Decision in Crandall Canyon criminal case coming

FEDERAL prosecutors will soon make a decision on whether or not criminal charges will be filed for the Crandall Canyon incident in Utah that took nine lives in August 2007.

Donna Schmidt

According to local newspaper the Deseret News, a decision will be made within weeks and witnesses have been interviewed by investigators as the group decides whether or not to seek a grand jury indictment for potential misrepresentations.

"Oftentimes, what gets people in trouble is lying about what they knew and when they knew it," Utah US Attorney Brett Tolman told the paper.

Tolman added the investigators are looking at dishonest statements made to federal regulators as well as a pattern of problems Crandall Canyon has suffered.

"There's a difference between bad business and criminal behavior," Tolman told the newspaper, but he did not specify who would be targeted in any criminal investigation or who has been interviewed to date.

The US Mine Safety and Health Administration referred the case to the US Attorney's Office for Utah last September.

Neither MSHA nor the mine’s owner have released public statements on the case.

Crandall Canyon is owned by UtahAmerican Energy, a subsidiary of Murray Energy.

Six workers died in the initial mine collapse, including Kerry Allred, Luis Hernandez, Carlos Payan, Brandon Phillips, Don Erickson and Manuel Sanchez.

Ten days later, Dale Black, Brandon Kimber and Gary Jensen were killed during rescue attempts when a second collapse occurred.
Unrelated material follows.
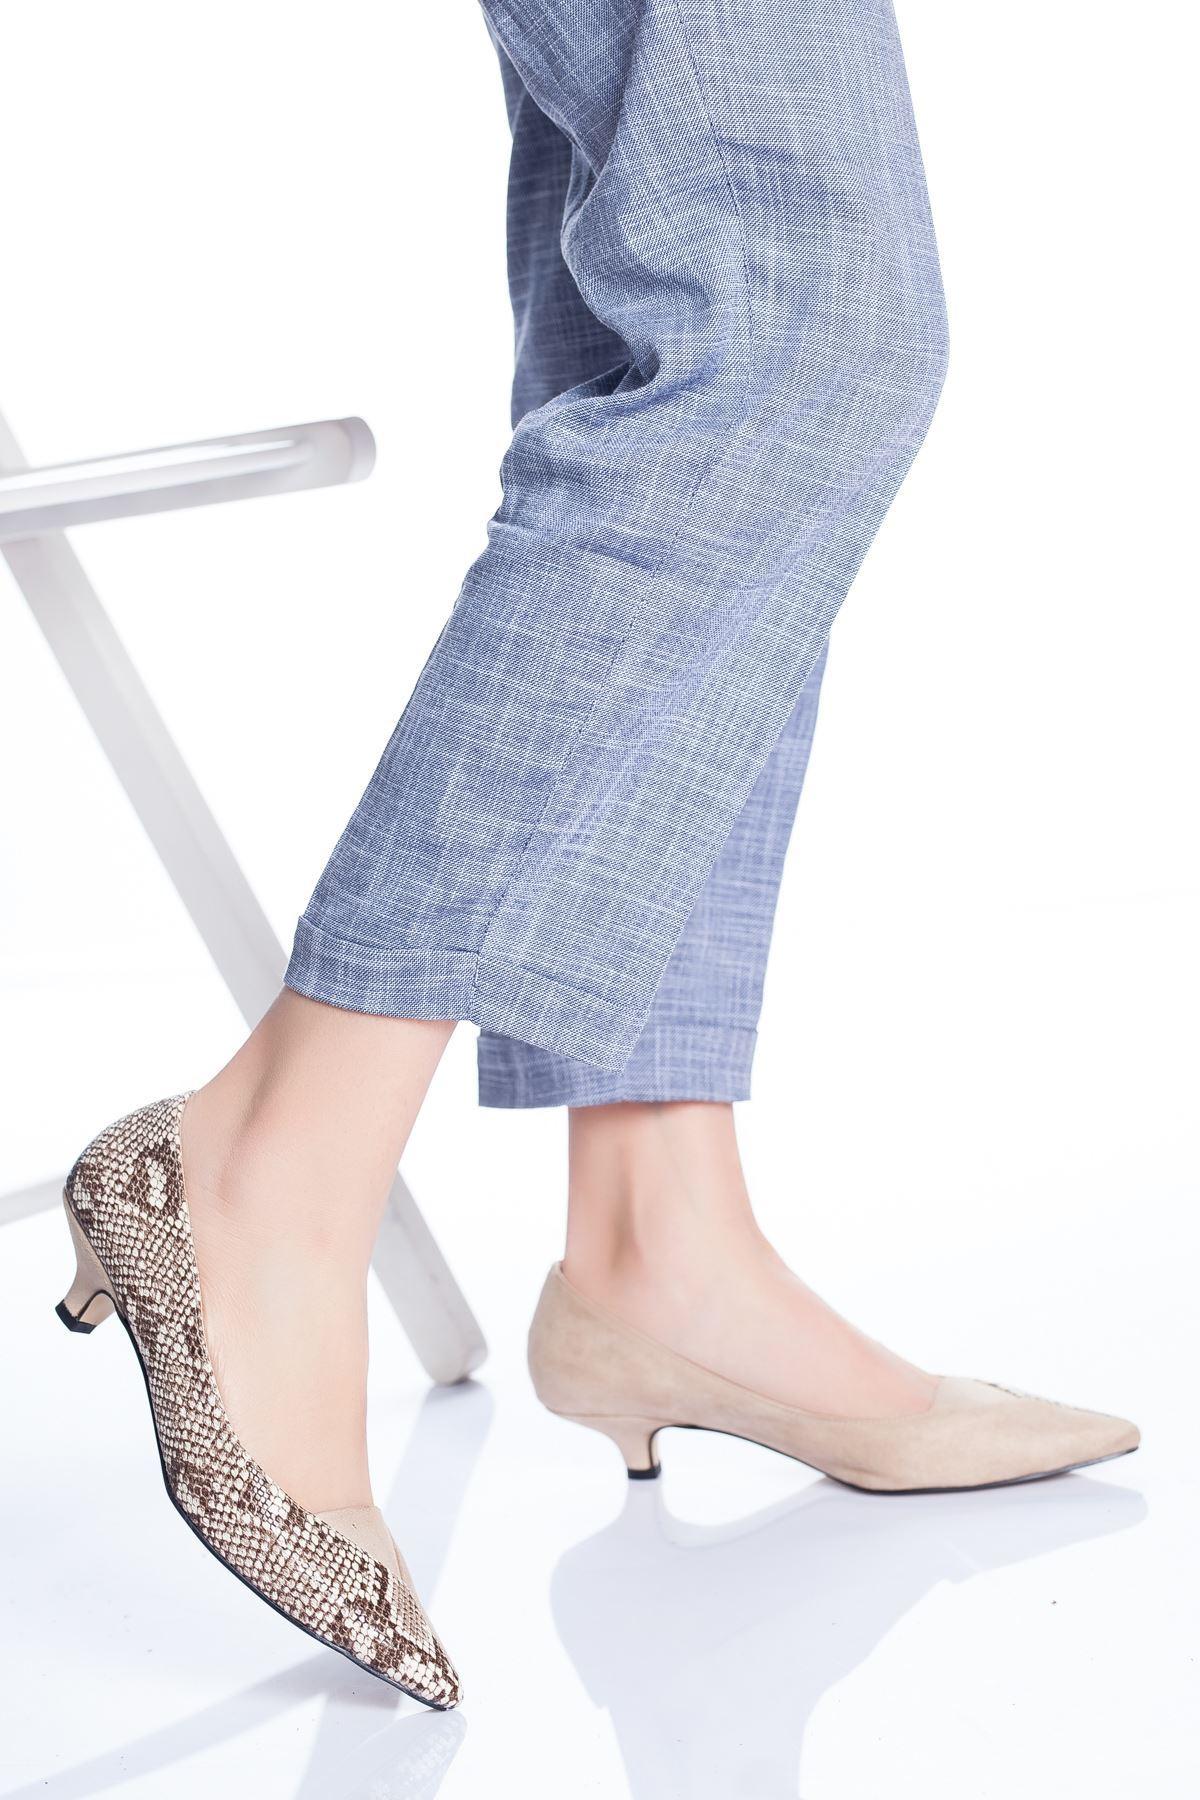 Odella Topuklu Ayakkabı TEN-YILAN

Two civil lawsuits filed by the families of the victims against Murray Energy are still pending in the state and federal court, according to the News.

In January, the family of one of the initial six miners killed received a favourable judgment which gave the family full benefits for the next six years.

A Utah Labor Commission administrative judge has ordered Rockwood Casualty Insurance and Murray Energy to pay out $US565 weekly for the next 312 weeks to the family of Juan Carlos Payan, with payments retroactive to the date of the incident.

MSHA said last September at the time of the referral that its decision stemmed from the same facts, events and conditions that resulted in $US1.34 million in fines against the mine owner last July.

Agapito Associates, a mining engineering consultant, was also fined $220,000 for an allegedly faulty analysis of the mine's design.

“Through its investigation of the tragic accidents last year at Crandall Canyon, MSHA determined that the operator and its engineering consultants demonstrated reckless disregard for safety," then-MSHA acting assistant secretary of labor Richard Stickler said.

“MSHA has referred this case for possible criminal charges.”

Stickler added that the requested stay was necessary to avoid potential interference with the criminal enforcement process, which could arise from a contemporaneous related civil enforcement proceeding.